I keep getting this error: Error in FUN(left) : invalid argument to unary operator

Here's my code: clean_enrollment_data % select(!contains("grade")) %>% select(!contains("percent")) %>% select(!contains("kindergarten")) %>% pivot_longer(cols = -district_id, names_to = "race_ethnicity", values_to = "number_of_students") %>% mutate(number_of_students = na_if(number_of_students, "-")) %>% mutate(number_of_students = as.numeric(number_of_students)) %>% mutate(number_of_students = replace_na(number_of_students, 0)) %>% mutate(race_ethnicity = str_remove(race_ethnicity, string_to_remove)) %>% mutate(race_ethnicity = case_when( race_ethnicity == "american_indian_alaska_native" ~ "Native American or Alaskan", race_ethnicity == "asian" ~ "Asian", race_ethnicity == "native_hawaiian_pacific_islander" ~ "Hawaiian or Pacific Islander", race_ethnicity == "black_african_american" ~ "Black or African American", race_ethnicity == "hispanic_latino" ~ "Hispanic/Latinx", race_ethnicity == "white" ~ "White", TRUE ~ "Multiracial")) %>% group_by(district_id) %>% mutate(pct = number_of_students / sum(number_of_students)) %>% ungroup() %>% mutate(year = data_year) }

enrollment_by_race_ethnicity_18_19 < - clean_enrollment_data(raw_data = enrollment_18_19, string_to_remove = "x2018_19_", data_year = "2018-2019")

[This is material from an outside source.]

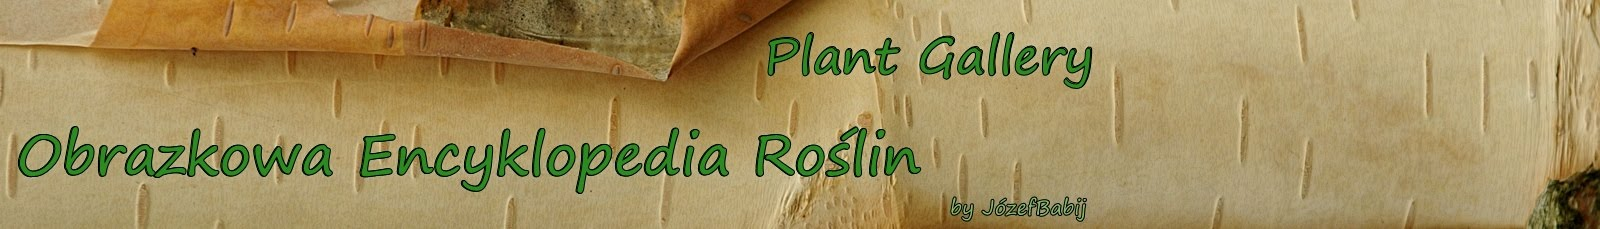 Plant Gallery - Encyklopedia Roślin

When I copy and paste David's code, I also get an error, though it's a different one: Error in `mutate()`: ! Problem while computing `number_of_students = replace_na(number_of_students, 0)`. Caused by error in `vec_assign()`: ! Can't convert `replace` to match type of `data` . Run `rlang::last_error()` to see where the error occurred.

Kirstin O'Dell

I thought in a prior video we were told to tidy our data in script and only use markdown for the output/reporting we want to do. I'm seeing that for this we're using markdown to tidy the data inside of the function. I'm confused as to which to be using. Can functions created in script be used in markdown files?

Andrew Paquin

Hi David, I watched the "Heads Up" video above. If I understand it correctly, the function we created for the 18-19 data can't be used for the 17-18 data because of 1) the changes to the na_if command, and 2) the fact that the columns are in different formats (dbl and chr) in the two datasets. Is that what's happening?

Kiana Robinson

What does this line of code do?

race_ethnicity_remove_text = "x2018_19_"

Why was it included in the function statement? This is confusing.

Zain Asaf

Hi Charlie and Dan, I am having the same issues as a couple of people with the replace_na line:

I get the following message Error in `mutate()`: ℹ In argument: `number_of_students = replace_na(number_of_students, "0")`. Caused by error in `vec_assign()`: ! Can't convert `replace` to match type of `data` .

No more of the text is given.